EXERCISE PROMPT> Reproduce the whole listing exactly and let no picture into the copy.

SOURCE DATA>
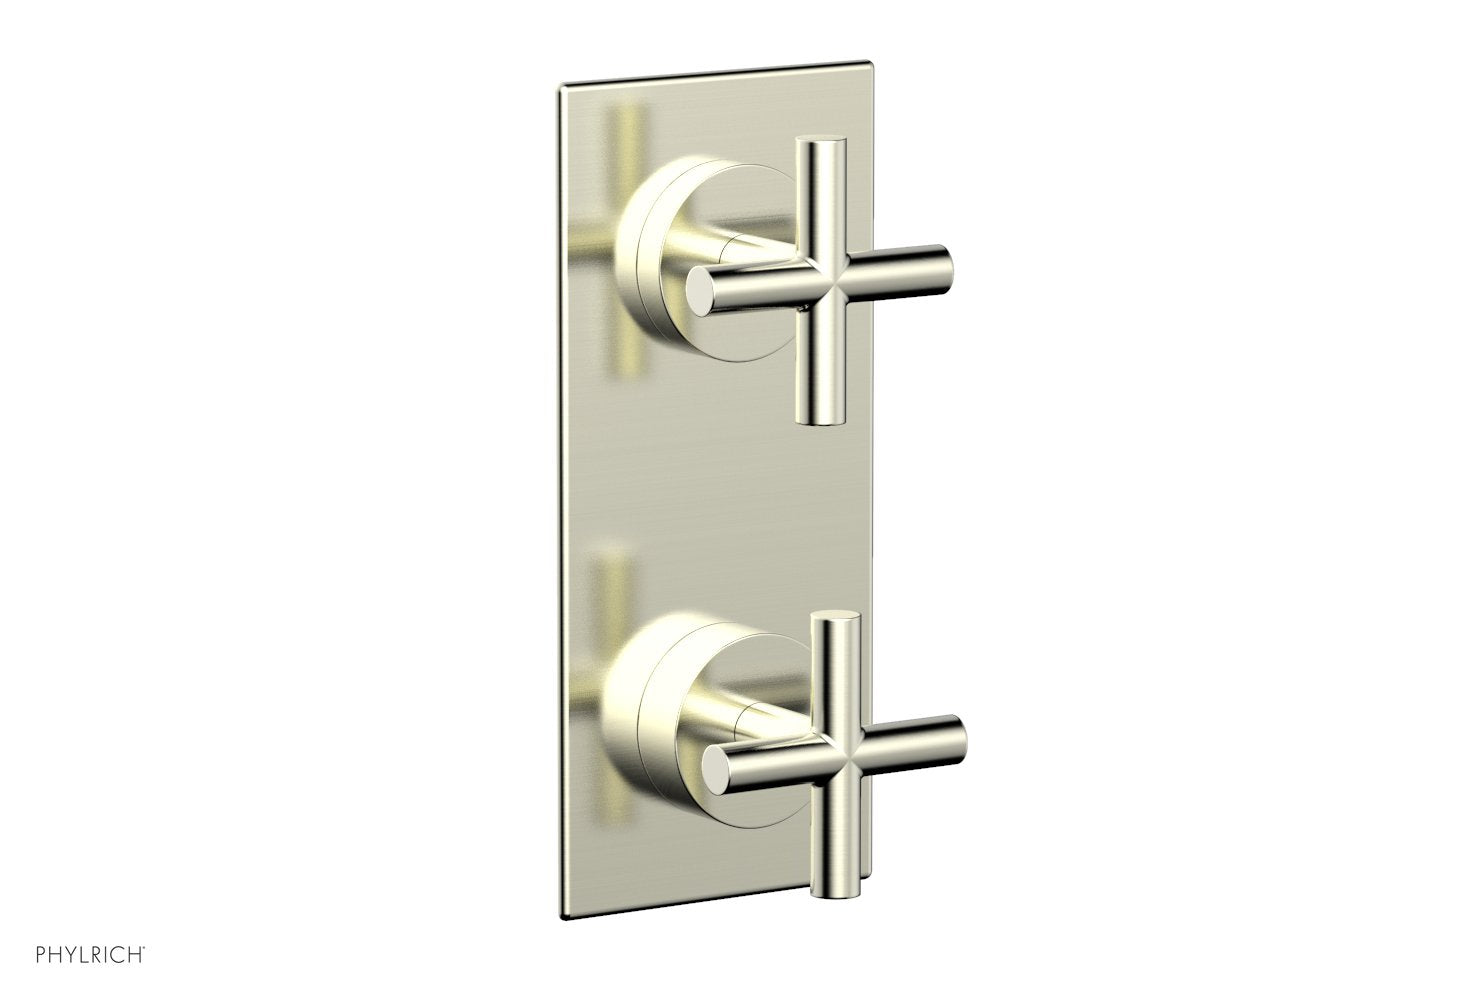 Phylrich TRANSITION 3/4" Thermostatic Valve with Volume Control or Diverter, Cross Handles
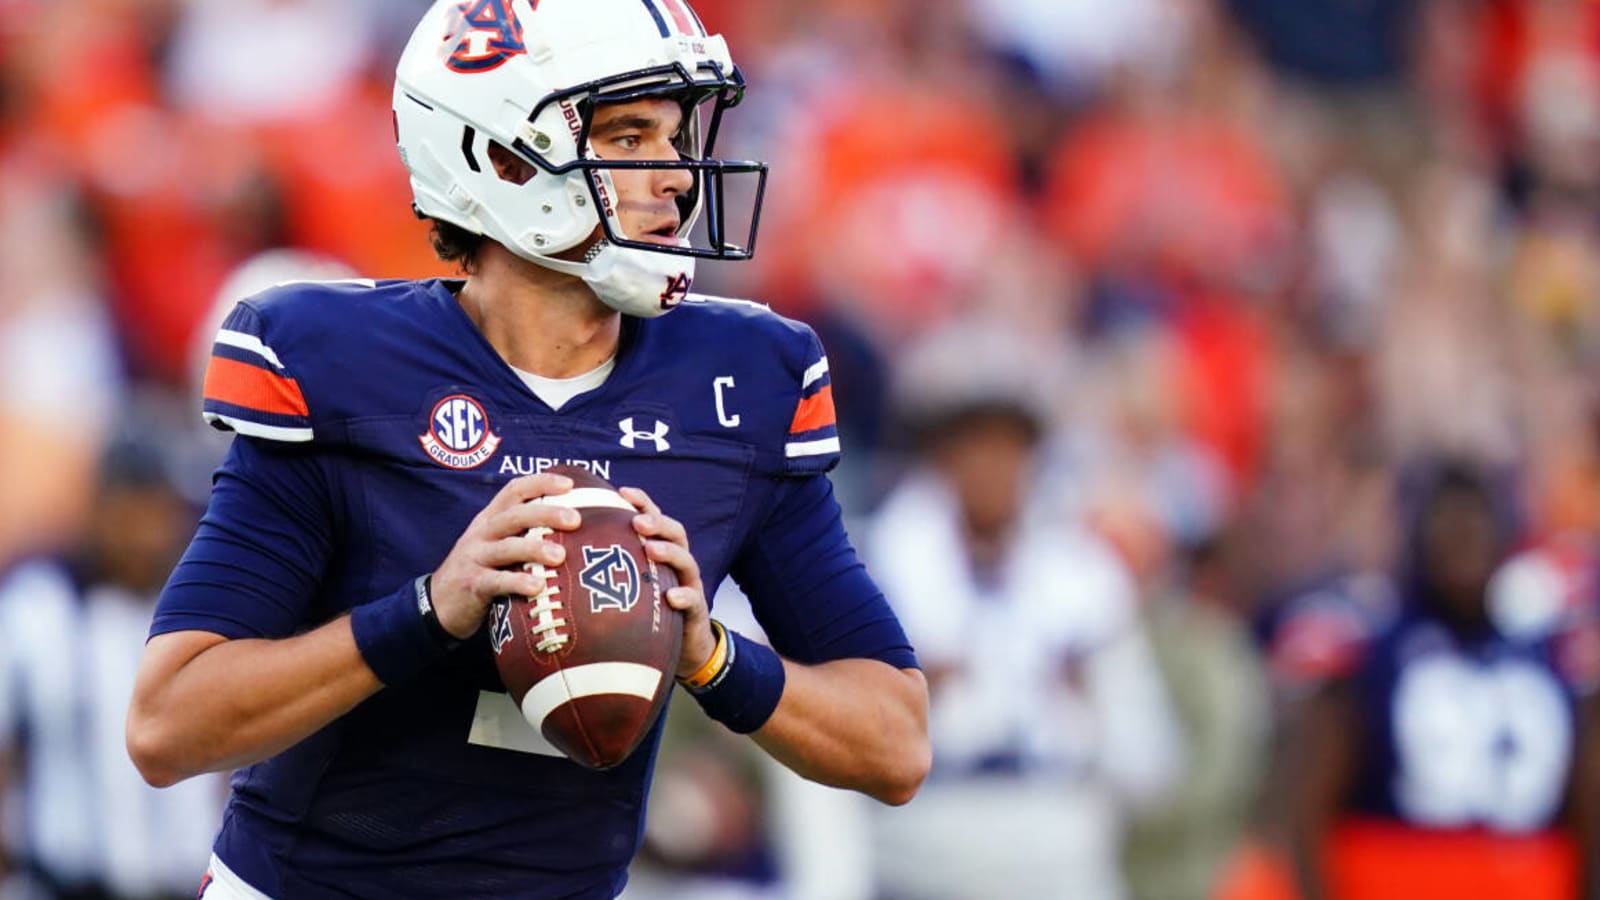 Auburn Daily Roundtable: Tigers Entering Final Tune-up vs NMSU Before Iron Bowl
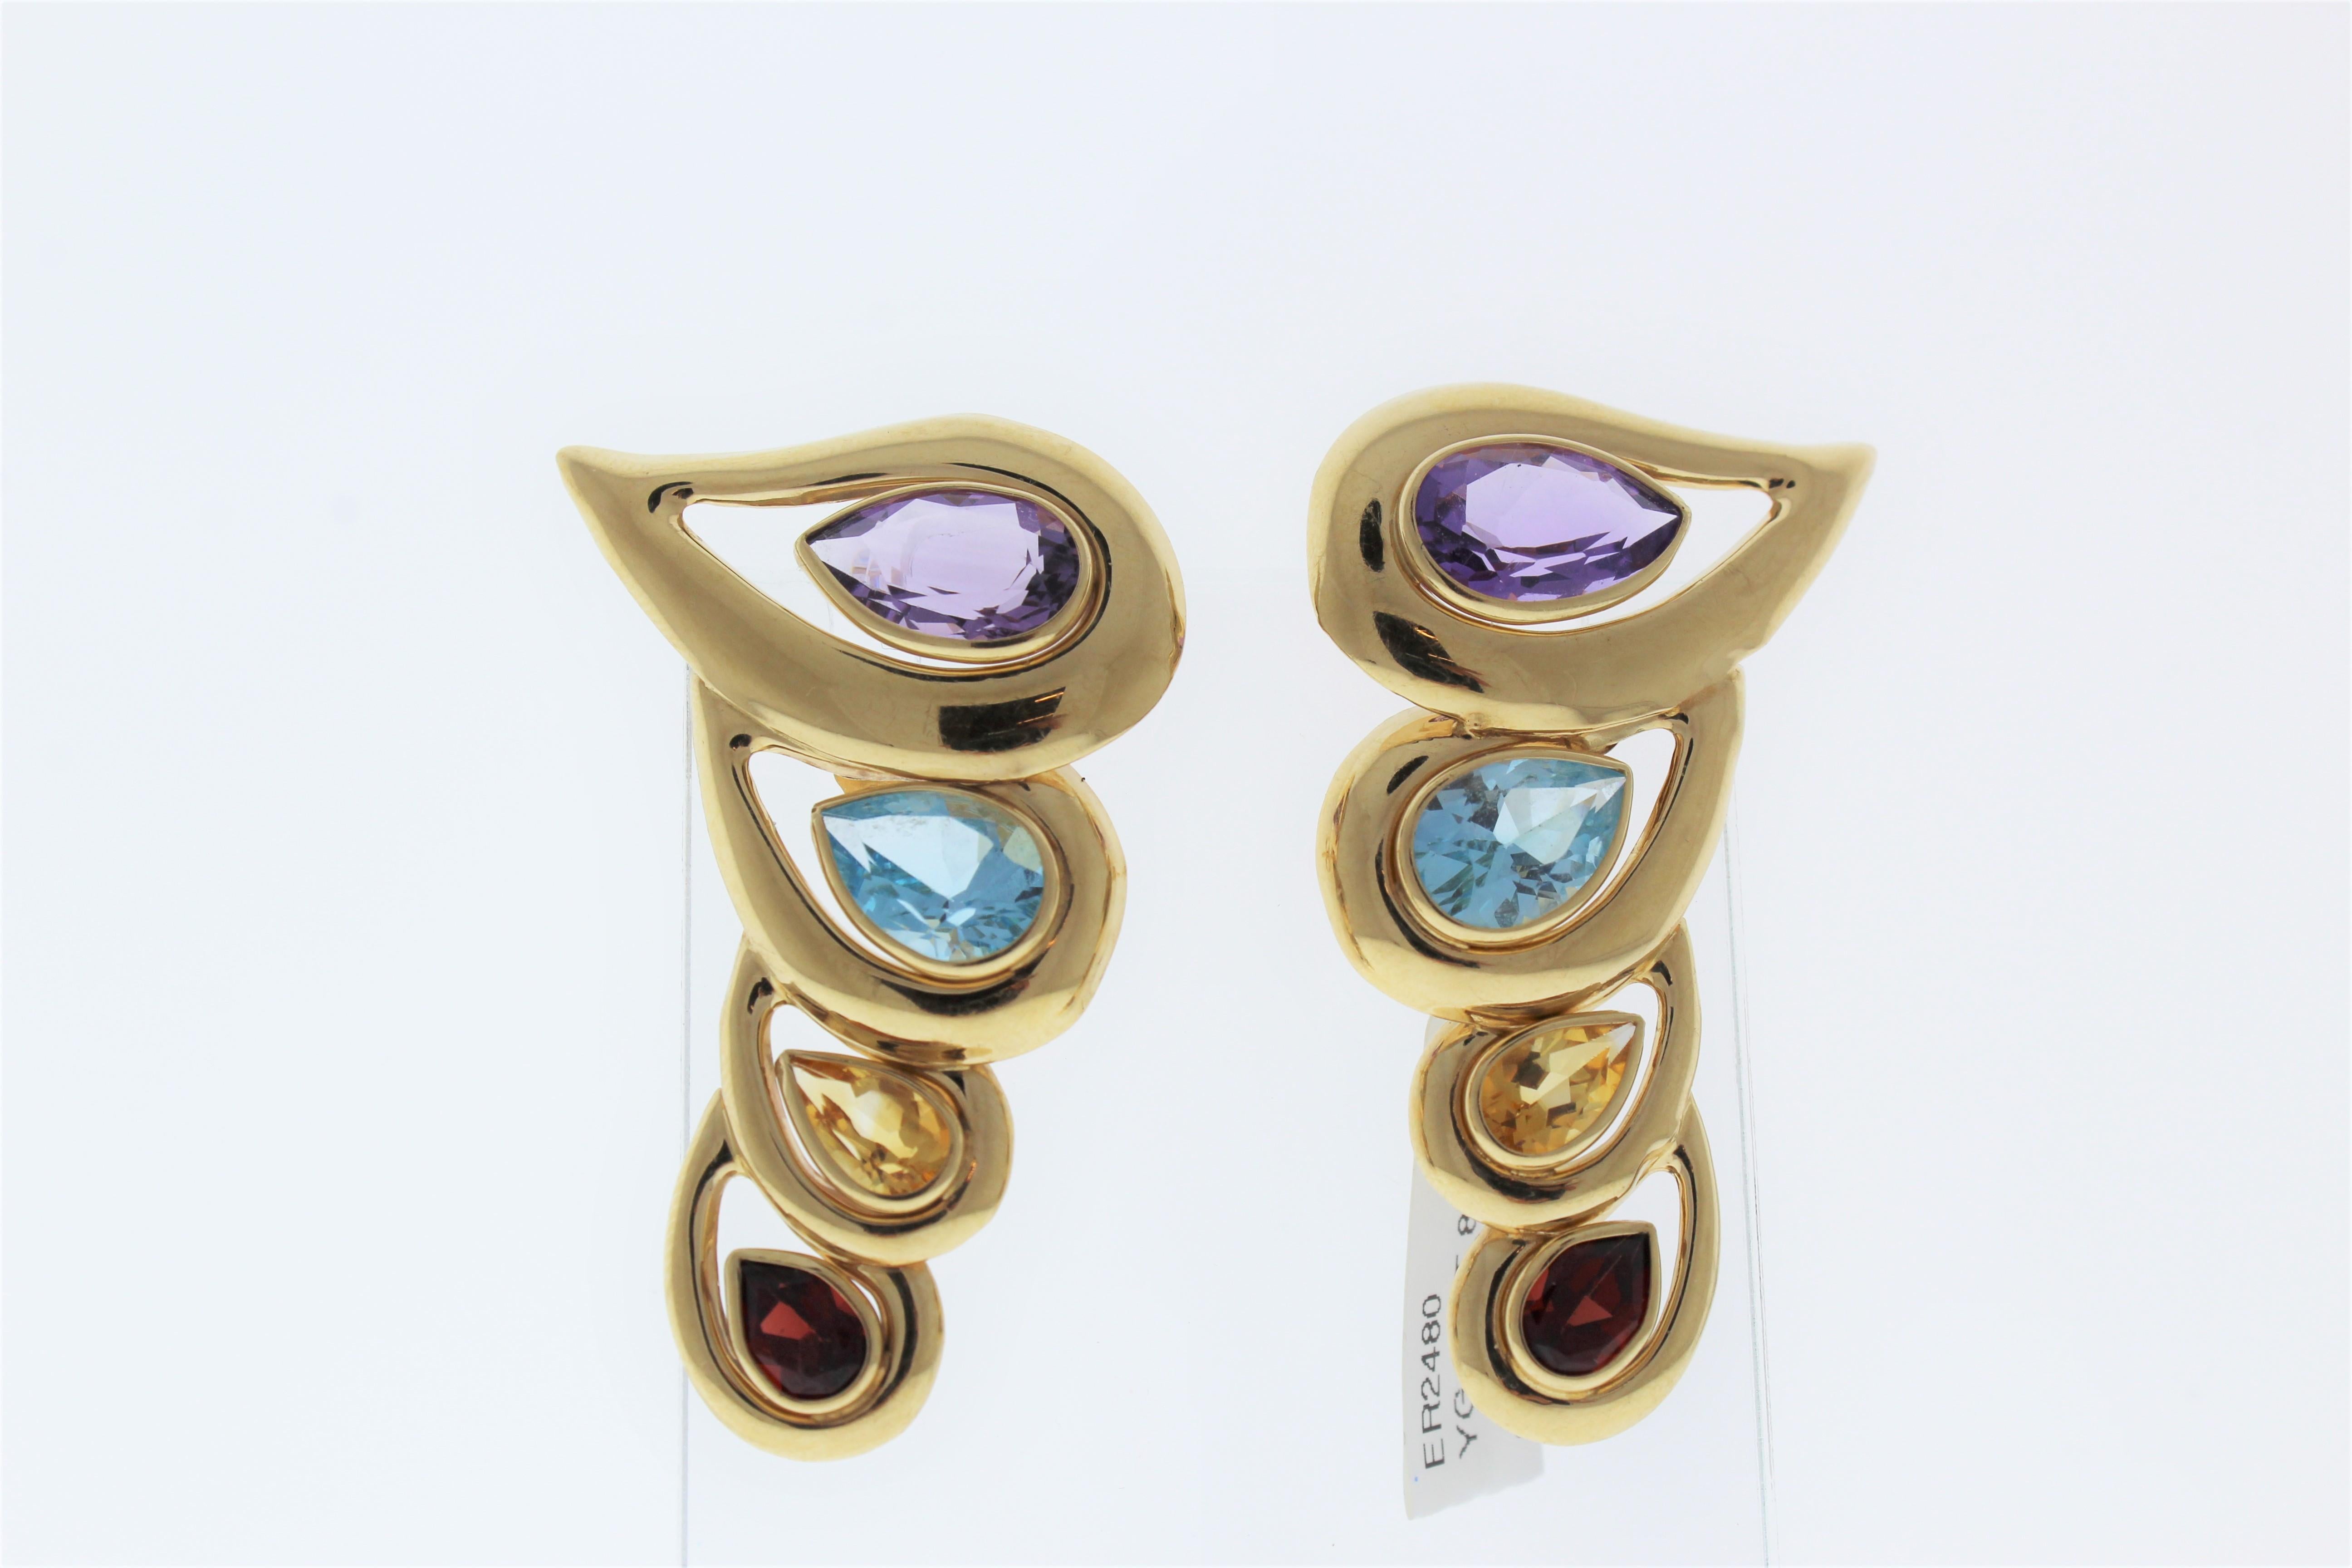 These semi precious gemstones total up to 10 carats and are set in 14k Yellow Gold.

EXPECTED ANSWER>
 Phylrich TRANSITION 3/4" Thermostatic Valve with Volume Control or Diverter, Cross Handles
 Auburn Daily Roundtable: Tigers Entering Final Tune-up vs NMSU Before Iron Bowl
 These semi precious gemstones total up to 10 carats and are set in 14k Yellow Gold.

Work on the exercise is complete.